Many advances in therapy techniques have improved treatment offered to SCI patients in rehabilitation. Functional electrical stimulation (FES) has been applied to patients both in the acute rehabilitation setting and later in the outpatient setting to upper and lower extremities.20 Assisted or weighted standing and walking, even with patients with complete injuries, is now being tried in a few centers with promising early results.21 Technology and equipment innovation has influenced greatly the quality of care SCI patients receive. Power wheelchairs now have standing options, more rugged wheels, and automatic pressure relief. Manual chairs are now fitted with more advanced cushions, sport options, and “power-assist” wheels. Most cars and vans are outfitted with hand controls. Finally, computerized environmental control units and voice-activated systems have improved independence and freedom for patients with high-level tetraplegia.

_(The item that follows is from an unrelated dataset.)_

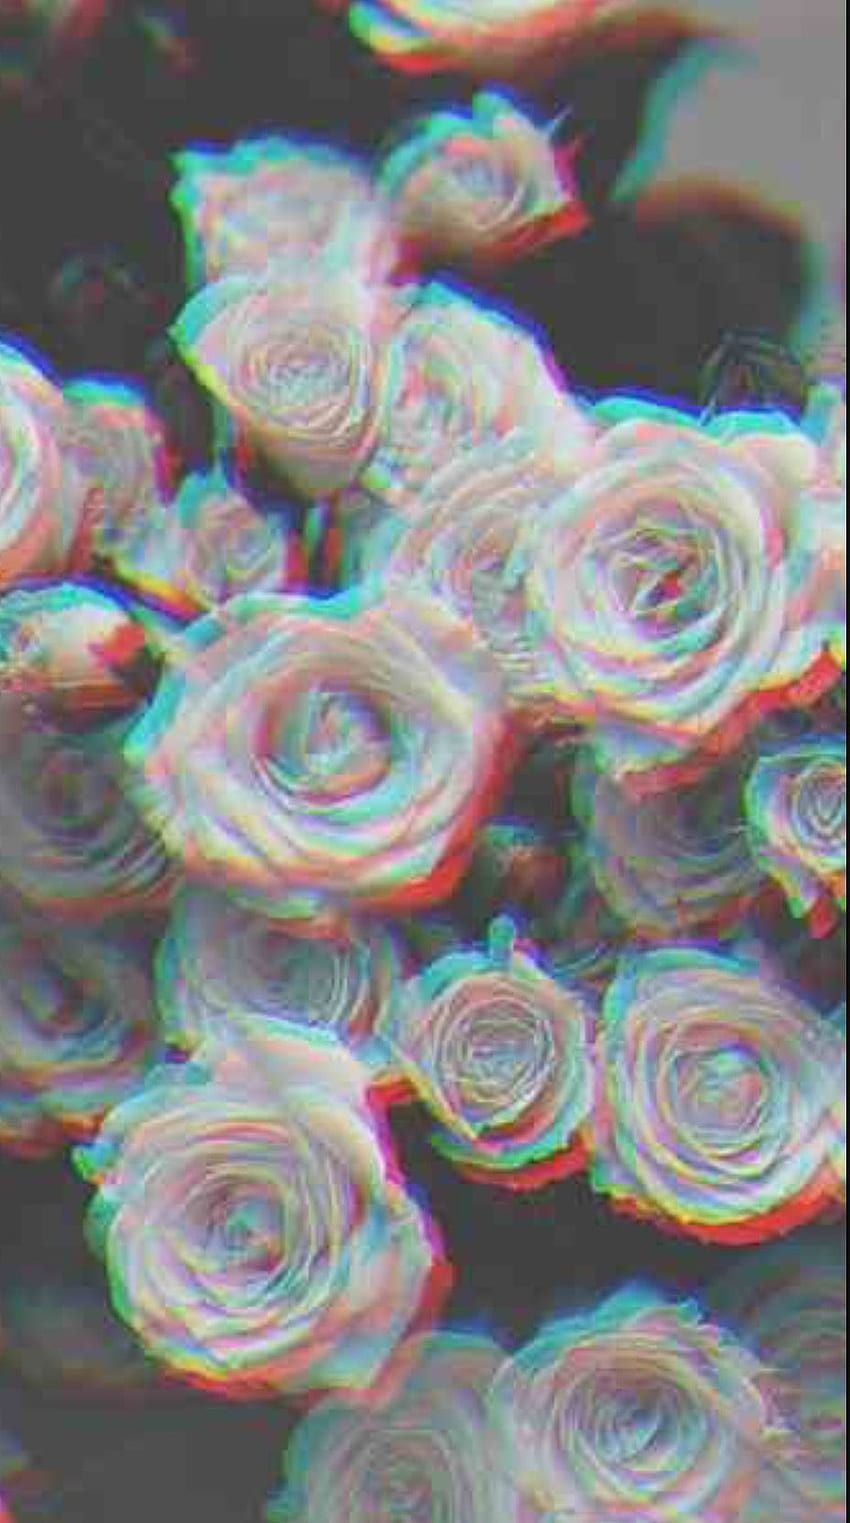 A picture of roses with a glitch effect - Glitch

Because shorter lengths of stay have moved patients home sooner, the majority of rehabilitation gains often occur in the outpatient setting. Patients with “chronic SCI,” some years after their injury, are even seeing benefits from renewed or prolonged rehabilitation. Jacobs and colleagues22 showed improvements in cardiovascular status after circuit strength training in SCI patients. Competitive sports for patients with disabilities offer not only physical but also psychologic benefits. Technology has also fueled growth in the rehabilitative treatment of SCI patients long after injury. Tendon transfers had been coupled with the “freehand” implant to improve hand function in many tetraplegic patients.23 Bladder implants or injections of botulinum toxin may reduce incontinence,24 intrathecal baclofen pumps reduce malignant spasticity,25 and FES implants have allowed for limited amounts of standing and ambulation.26 All of these devices can increase functional independence in the appropriate SCI candidate but also require postplacement rehabilitation training.27
Medical Management
Neurogenic Bowel Dysfunction
Neurogenic bowel dysfunction is common after SCI and has the potential to influence the social, emotional, and physical well-being of patients. Establishment of an effective bowel program during rehabilitation can minimize the development of disability related to neurogenic bowel. The goal is to control severe constipation, promote regularity, and prevent involuntary bowel movements. Two types of neurogenic bowel dysfunction after SCI exist: reflexic and areflexic.28
Reflexic or UMN bowel dysfunction is seen in patients with SCI above the conus medullaris. Voluntary control of bowel is lost in these patients, but conus-mediated reflex activity and intestinal peristalsis are intact. The external anal sphincter becomes spastic because of the spasticity of the pelvic floor preventing stool evacuation. Stool accumulates in the colon unless reflex defecation is triggered. Bowel care in these patients includes (1) nutritional changes with increased fiber and fluid intake, (2) oral medication (lubricants and cathartics), (3) rectal chemical stimulation (suppositories or enema), and (4) mechanical digital stimulation.29
Areflexic or lower motor neuron (LMN) bowel dysfunction is a result of lesions at or below the conus medullaris. Voluntary control of bowel is lost, as well as sacral reflex activity. The external anal sphincter becomes atonic and flaccid, which increases the risk of fecal incontinence. Management of LMN bowel dysfunction includes (1) diet with fiber and some fluid restriction, (2) oral medication (bulk-forming agent), and (3) mechanical digital removal of stool.29
Neurogenic Bladder Dysfunction
Urosepsis was the leading cause of death before introduction of intermittent catheterization (IC).30 Urologic problems are the most common complications of SCI. The rate of urinary tract infections (UTIs) is 50% to 80% in the first year postinjury. The goal of bladder management during rehabilitation is to establish an effective and safe method of emptying the bladder and avoiding incontinence. Two types of neurogenic bladder dysfunction exist: reflexic and areflexic.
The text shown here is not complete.